▶ _Provided data_
★ ★ ★
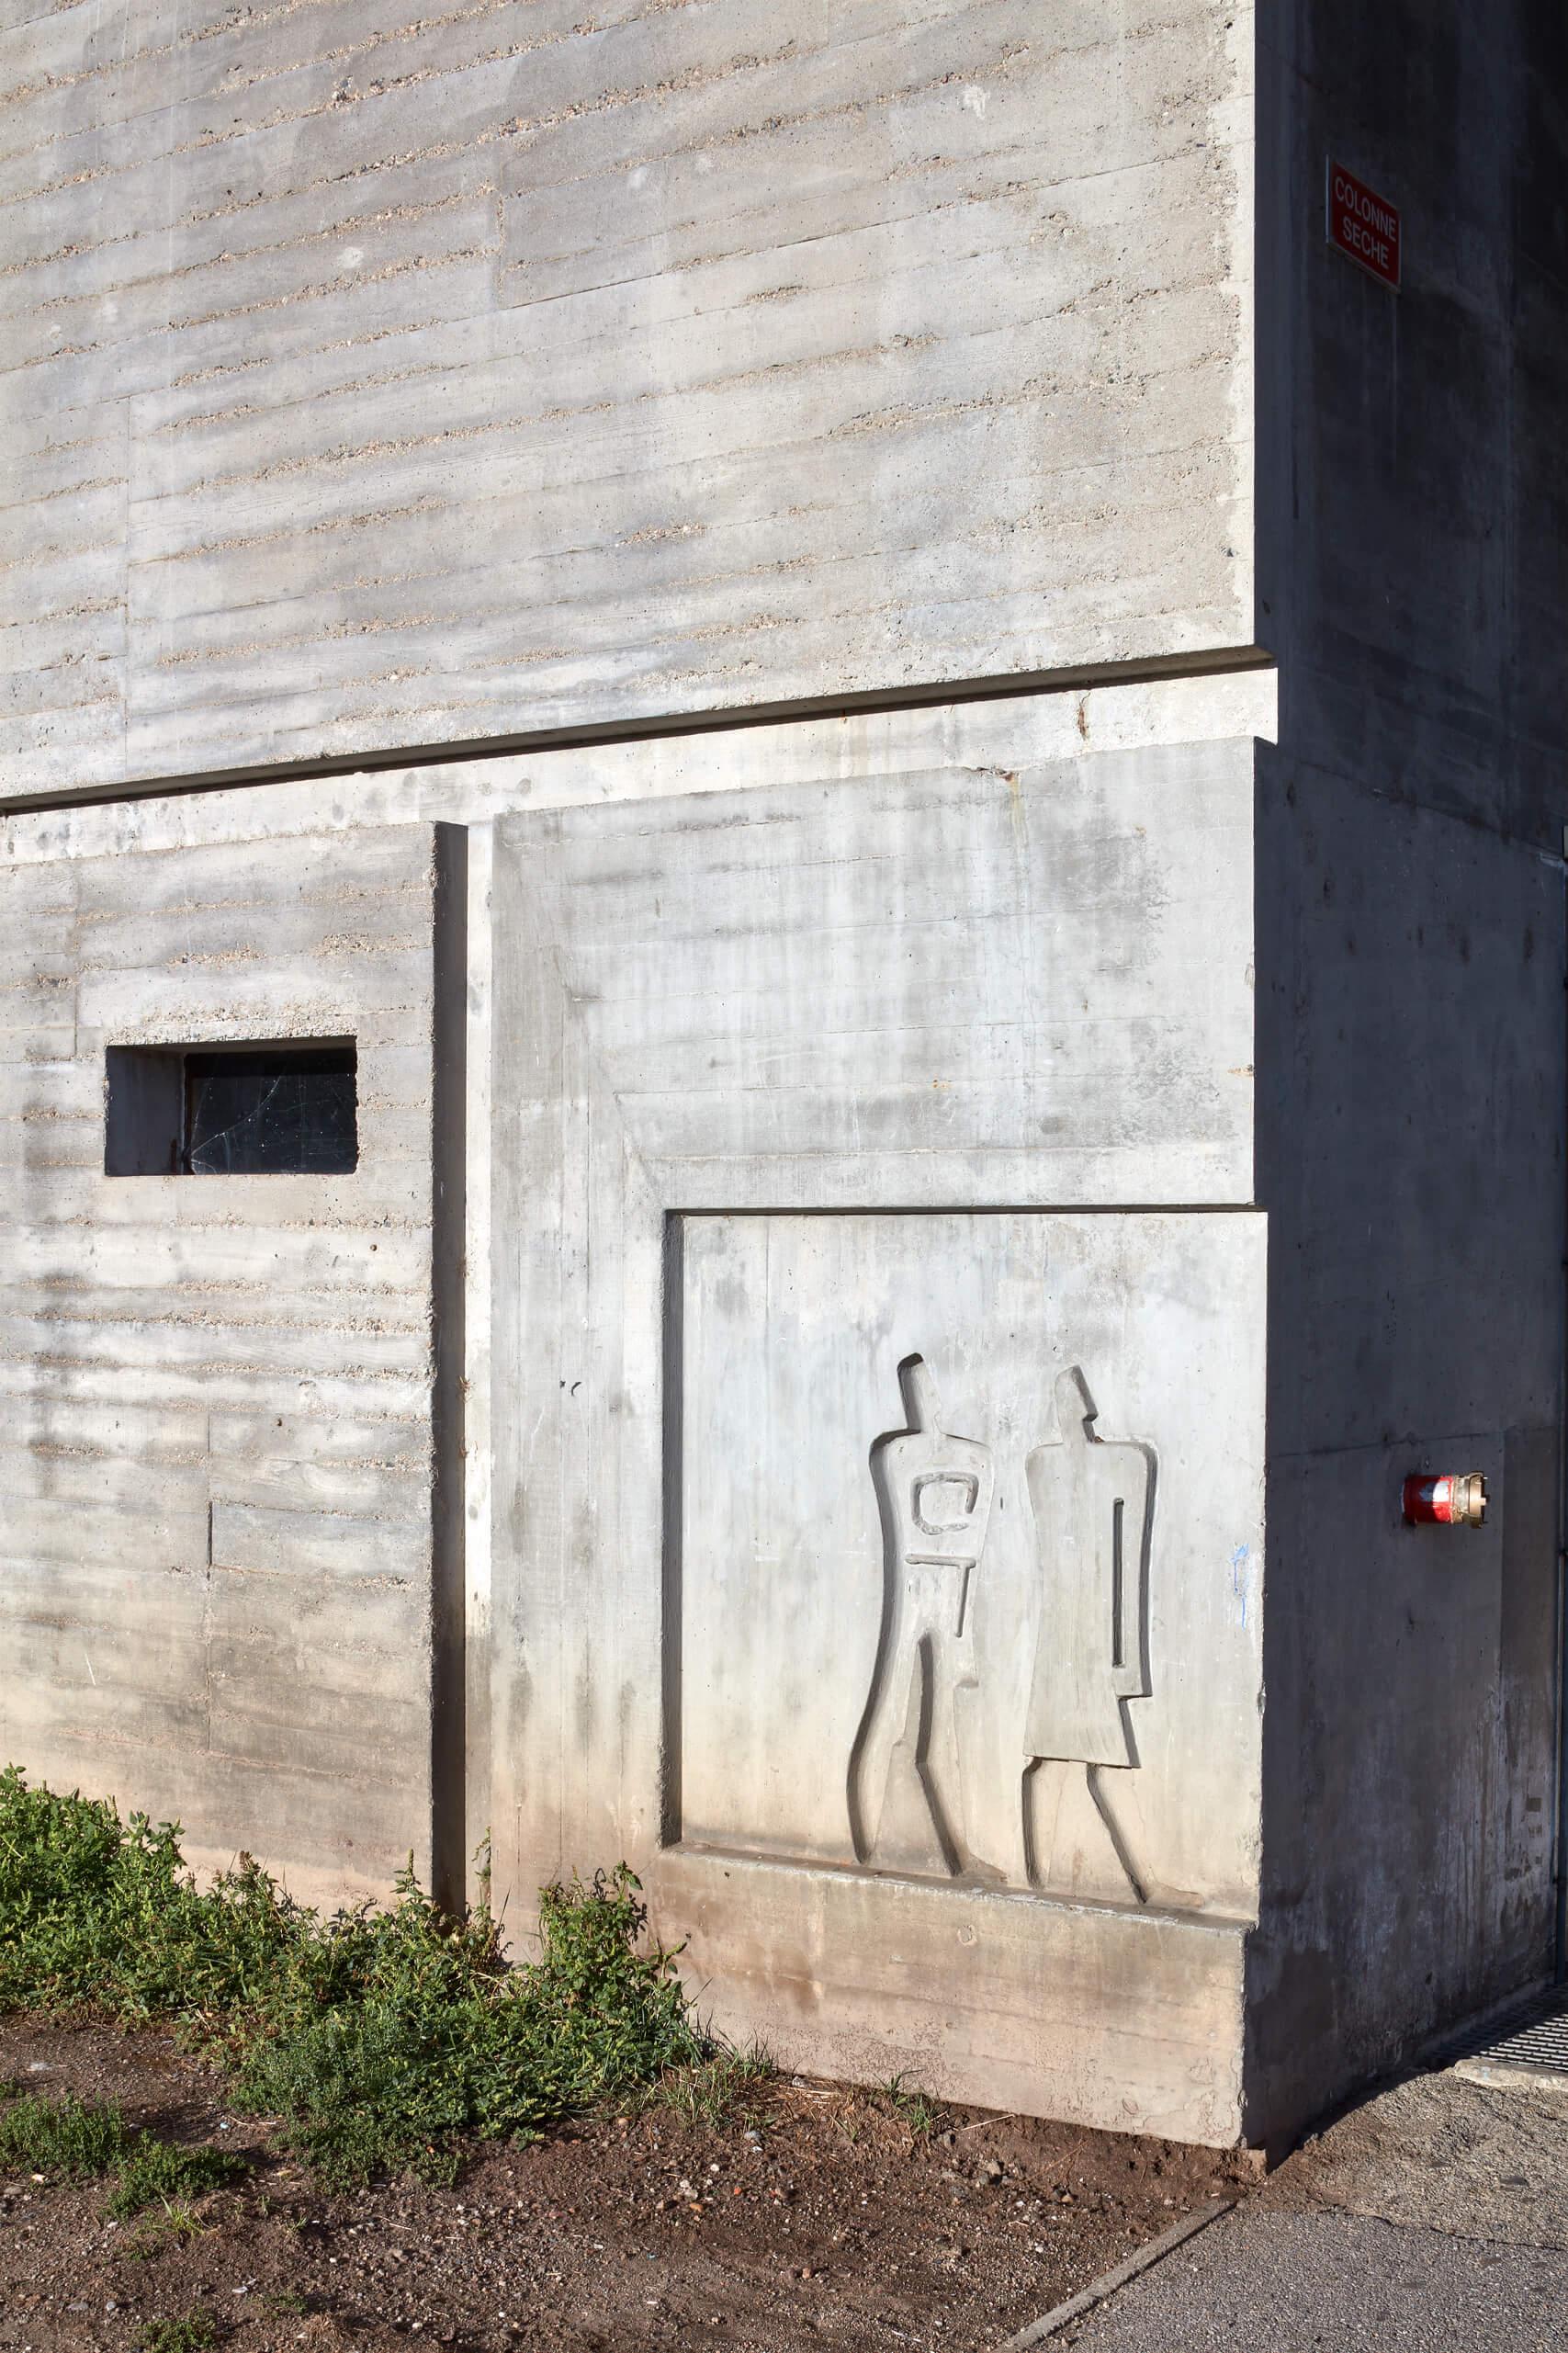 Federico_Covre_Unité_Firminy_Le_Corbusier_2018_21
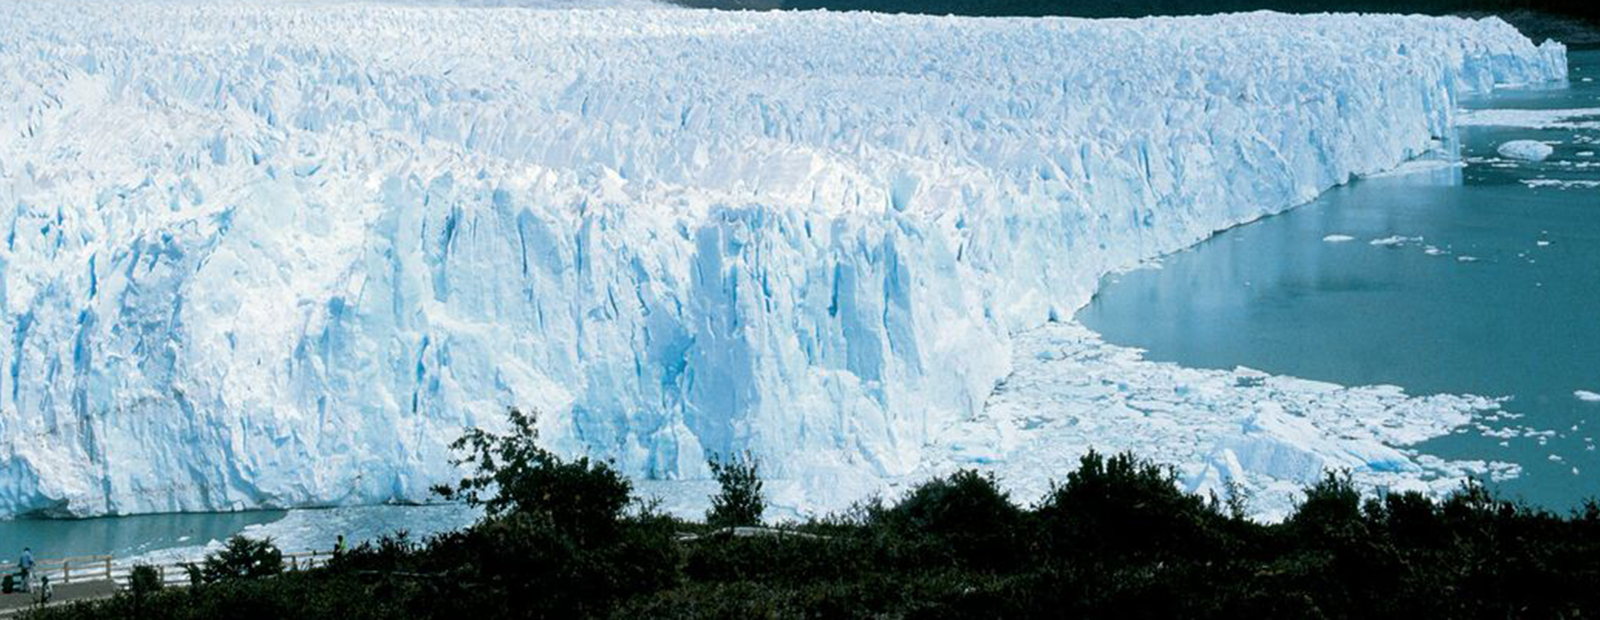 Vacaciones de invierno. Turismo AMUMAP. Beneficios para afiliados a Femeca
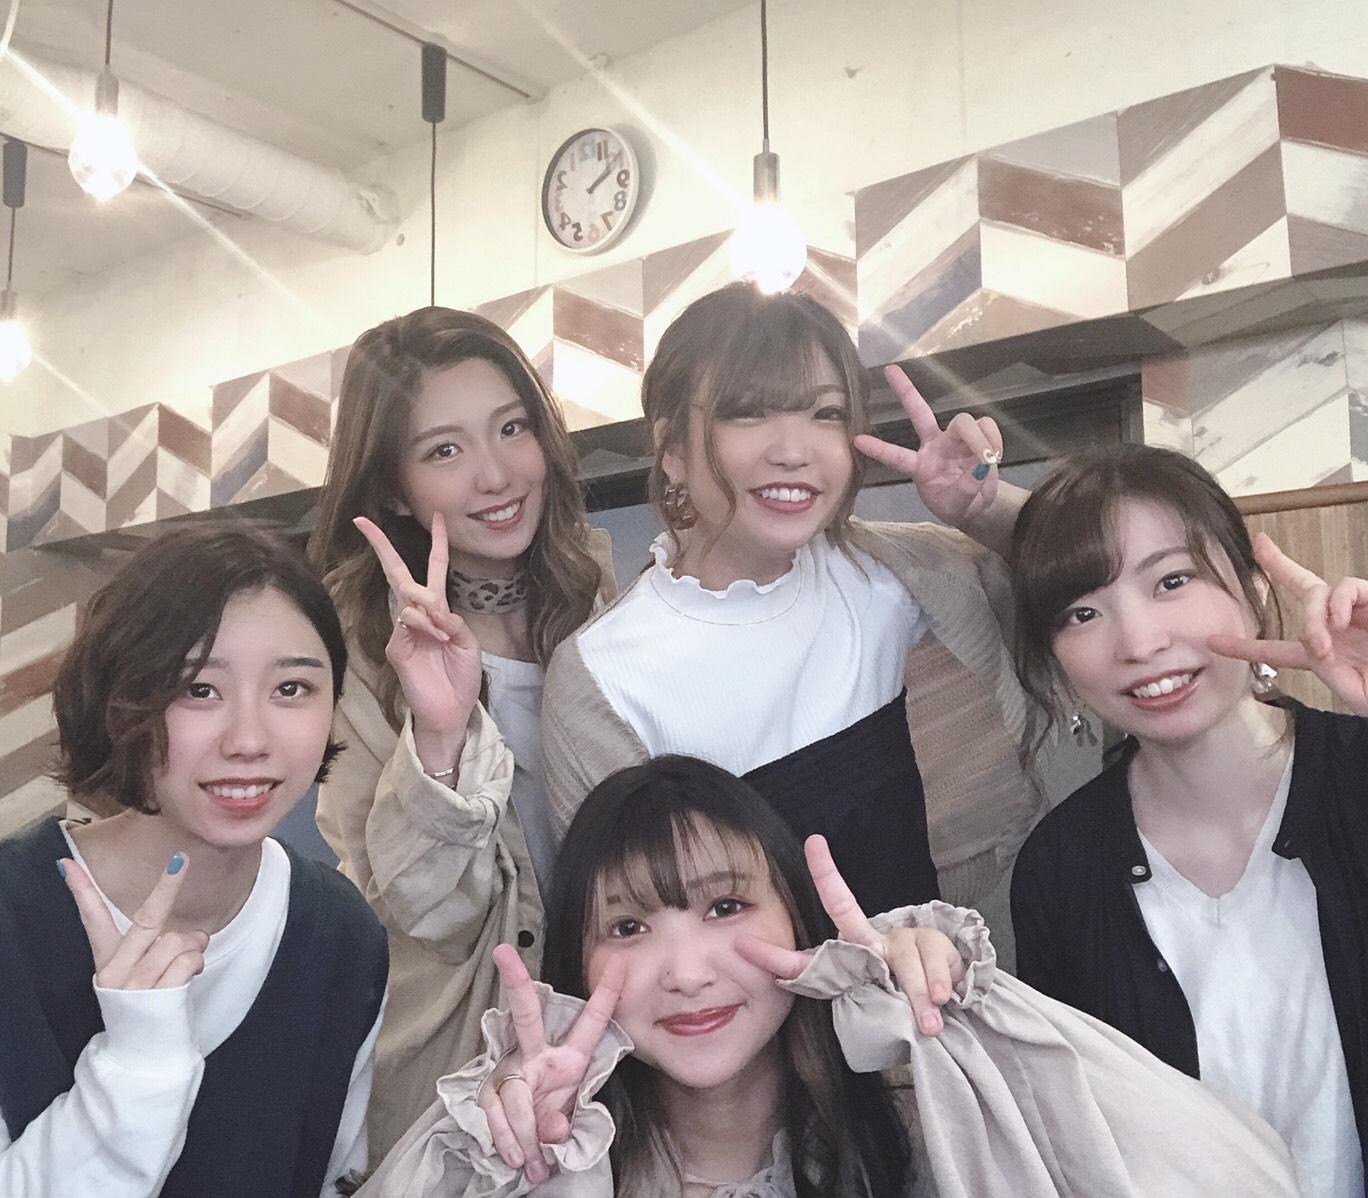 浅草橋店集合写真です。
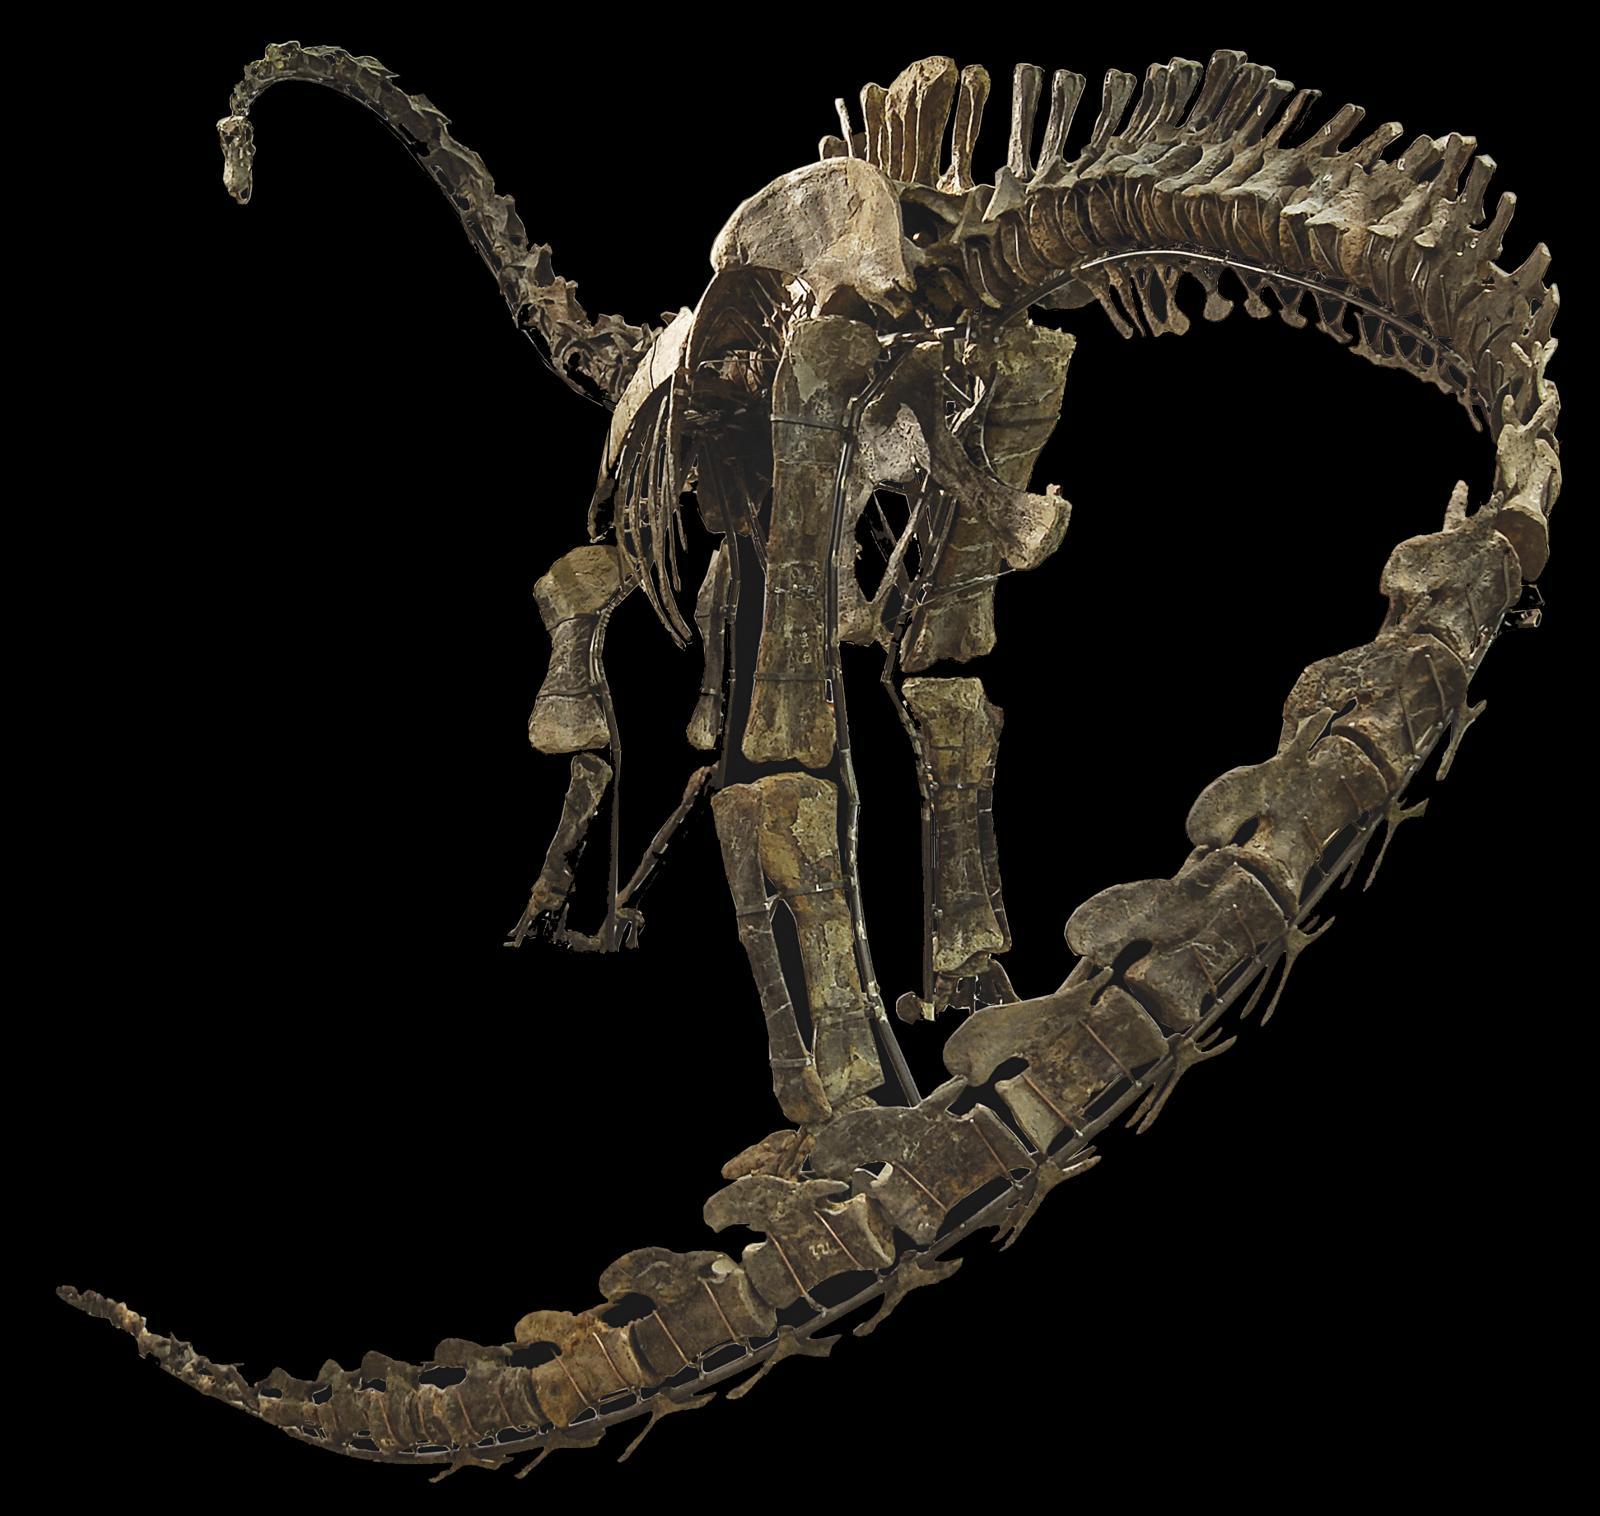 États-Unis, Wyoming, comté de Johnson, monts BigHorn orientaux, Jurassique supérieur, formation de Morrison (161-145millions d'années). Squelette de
★ ★ ★
▶ _Problem description_
Would you return the whole listing above exactly as written, skipping any image?

▶ _Response to this exercise_
 Federico_Covre_Unité_Firminy_Le_Corbusier_2018_21
 Vacaciones de invierno. Turismo AMUMAP. Beneficios para afiliados a Femeca
 浅草橋店集合写真です。
 États-Unis, Wyoming, comté de Johnson, monts BigHorn orientaux, Jurassique supérieur, formation de Morrison (161-145millions d'années). Squelette de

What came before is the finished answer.